Lømo had discovered a mechanism whereby experience-dependent electrical activity increases the efficacy of inter-cellular signalling in the nervous system. In LTP, memories are formed by the strengthening and re-arrangement of synaptic connections. This involves a change in the morphology of the cells involved. Numerous synapses are located on a neuron’s dendritic spines, tiny projections found on the dendrites of the cell. The re-arrangement of synaptic connections during memory formation – and forgetting – involves the formation of new spines and the retraction of old ones. It is this process which results in the strengthening or weakening of synaptic connections.
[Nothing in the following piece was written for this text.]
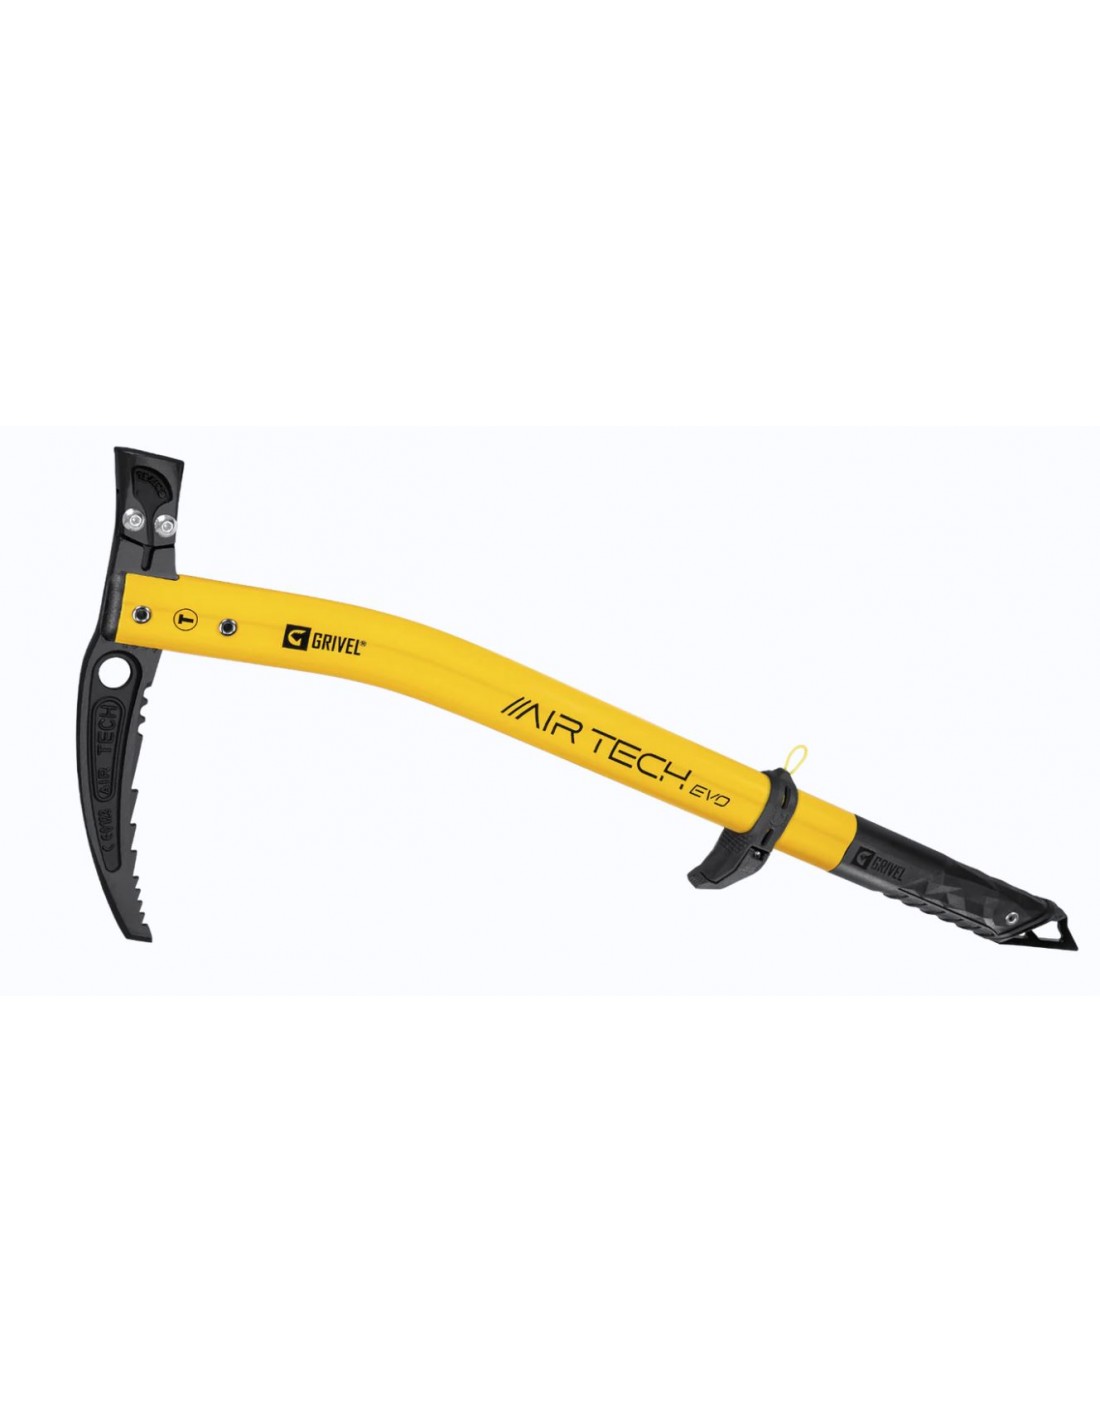 Grivel Eispickel Air Tech Evo Hammer, mit G-Slider, gelb/schwarz, geschmiedeter Stahl, äußerst robust, 53 cm Länge Eisgerätart - Eispickel, Eisgerätvariante - Hammer, Eisgerätgewicht - 601 - 650 g, Eisgerätlänge - 53 cm, von Grivel

Underlying these changes in neuronal connectivity is the actin cytoskeleton, a cellular scaffold involved in a wide variety of cell functions. For example, it is along the cytoskeleton that chromosomes are segregated prior to cell division, and along which newly-formed synaptic vesicles, filled with neurotransmitter molecules, are transported to the nerve cell terminal. The cytoskeleton, stained green in the image on the left, is composed of microtubules (made of tubulin molecules), micro- filaments (made of actin molecules) and intermiediate filaments. It is a highly dynamic structure – the length of individual microtubules or microfilaments within the cytoskeleton changes constantly, by the addition or removal of its component molecules at one end or the other (polymerization and depolymerization, respectively).
In an advance online publication in the Proceedings of the National Academy of Sciences, Italian researchers describe experiments in which memory and learning were enhanced by a bacterial toxin which induces polymerization of cytoskeletal molecules.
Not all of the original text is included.